New capital will come to banks "with conditions."

As for healthcare, Obama has done the big sneak of putting healthcare control into the "stimulus" package.

So do we have a Fabian socialist in the White House? This is a serious charge, and I am not prepared to make it at this point. However, there is nothing in his actions to date that can rule out that he is a Fabian.

Time will tell, whether he is a misguided do gooder or a calculating Fabian.

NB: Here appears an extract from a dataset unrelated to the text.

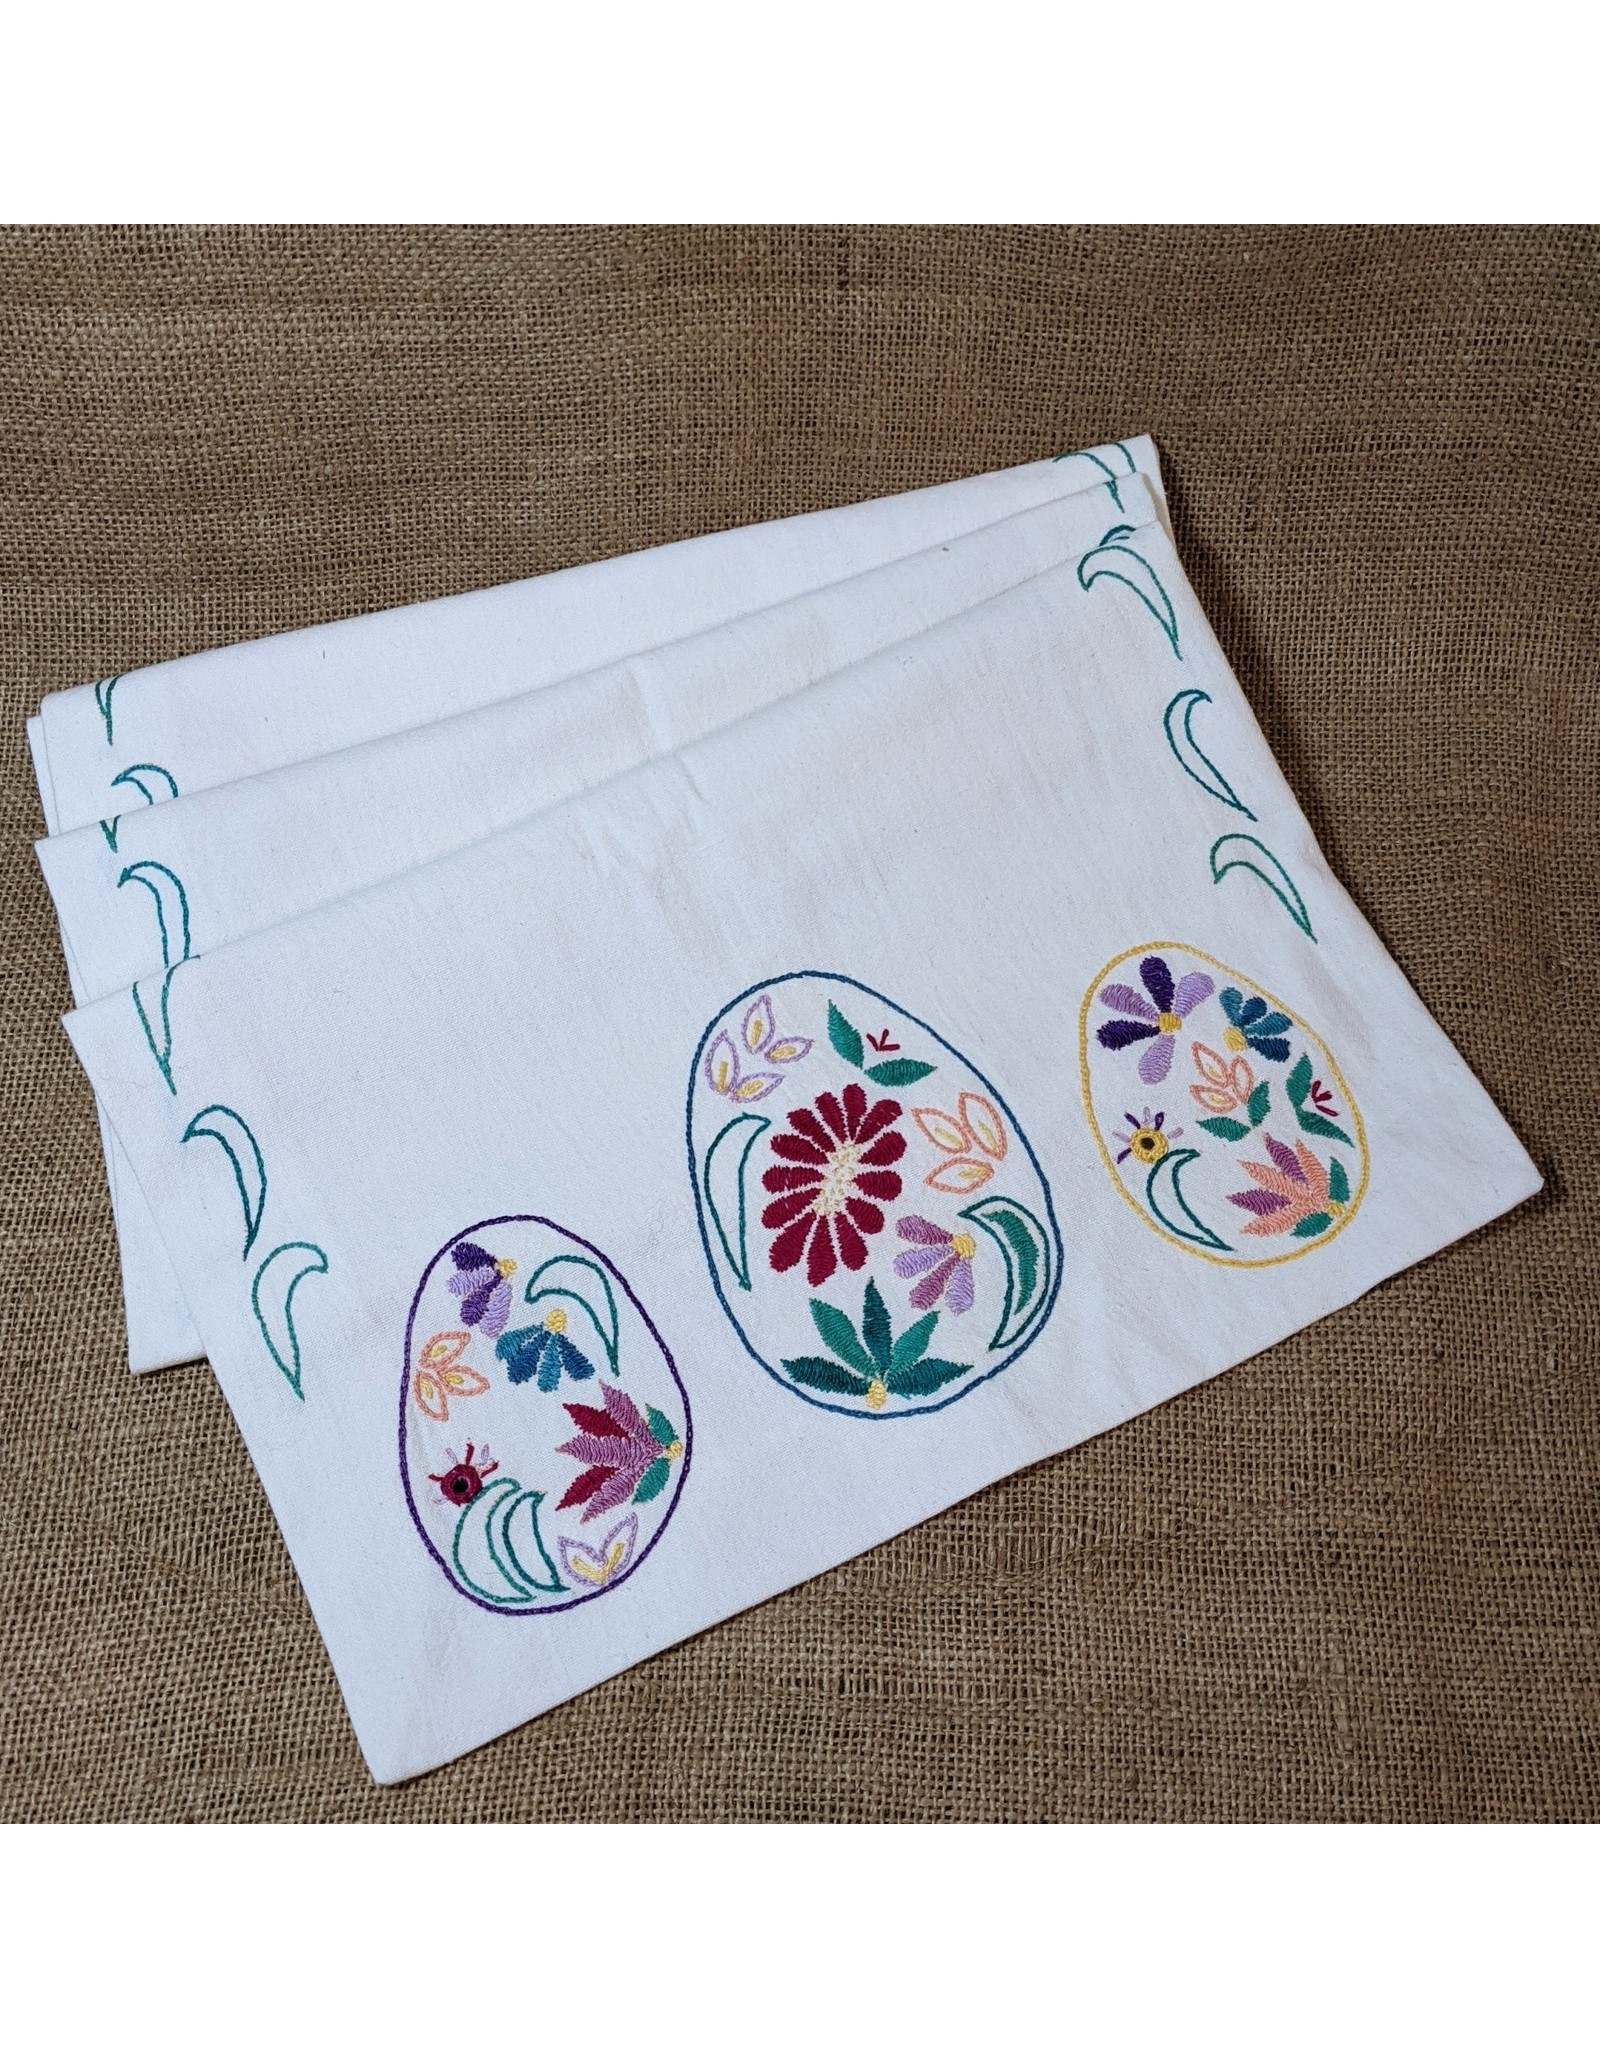 Ten Thousand Villages CLEARANCE Easter Egg Table Runner, India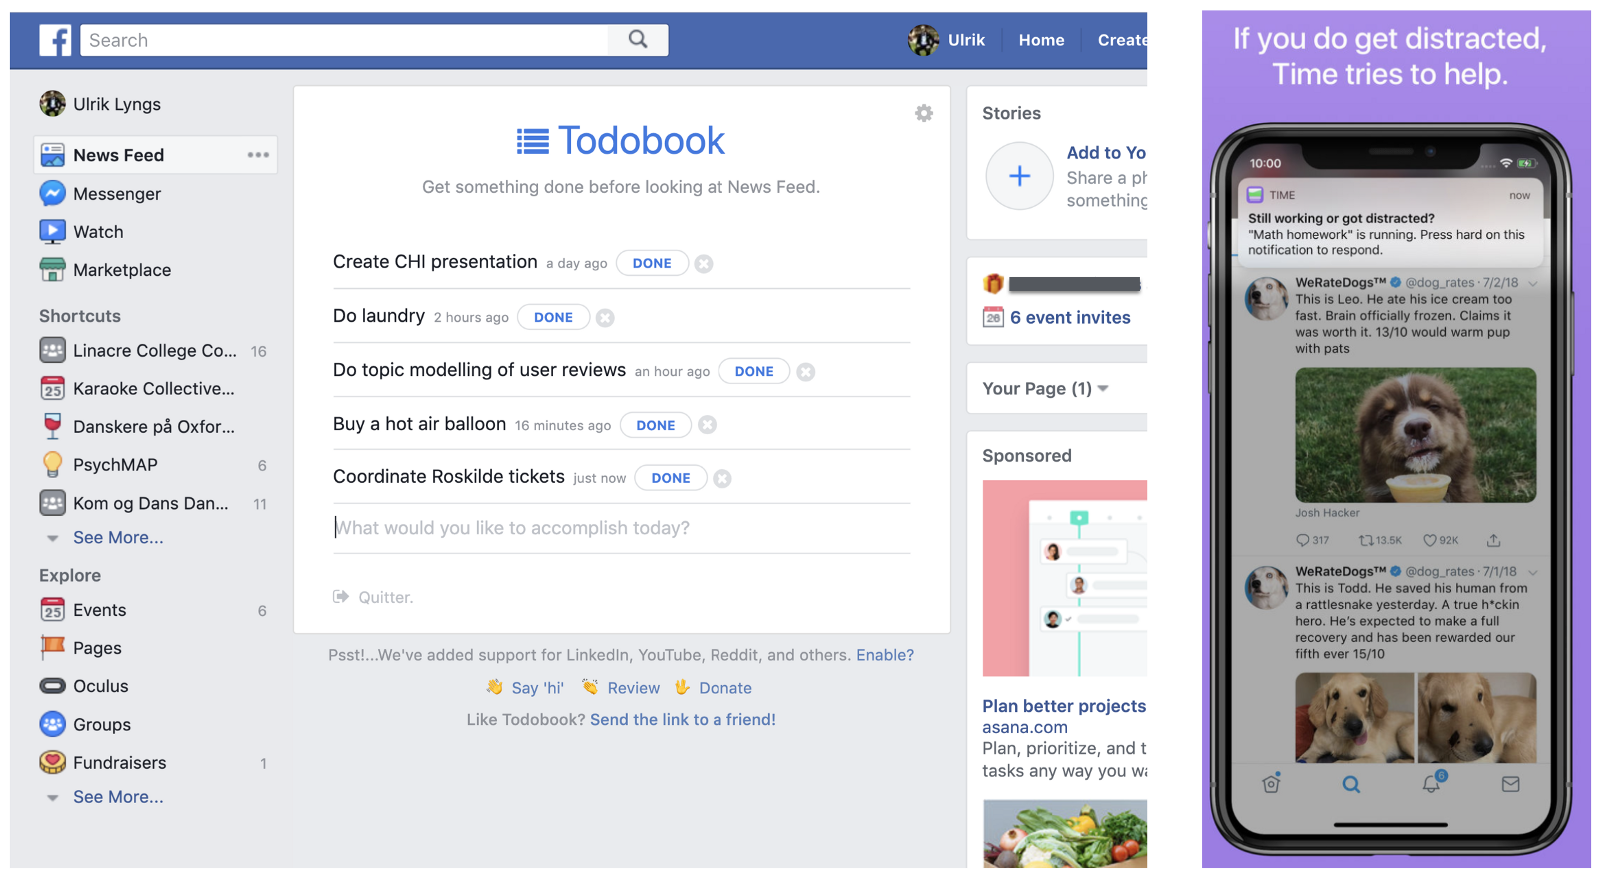 [Todobook](https://chrome.google.com/webstore/detail/todobook/ihbejplhkeifejcpijadinaicidddbde?hl=en) (left) replaces Facebook’s newsfeed with a todo-list; the iOS app [Time](https://itunes.apple.com/gb/app/time-defeat-distraction/id1313017655?mt=8&ign-mpt=uo%3D4) (right) is a todo-list which provides continual task reminders if the user leaves the app.

There is some hope for change from a do gooder, there is little with a calculating Fabian.

Fascist Medical Plan Hidden in Stimulus Package

President Obama has been caught trying to sneak, in an ugly fashion, into the stimulus package, a fascist like health plan that will track and have a chilling effect on the type of health care every American will receive.

As part of the "stimulus" package, the National Coordinator of Health Information Technology will monitor treatments to make sure your doctor is doing what the federal government deems appropriate and cost effective, according to Betsy McCaughey, former lieutenant governor of New York and an adjunct senior fellow at the Hudson Institute.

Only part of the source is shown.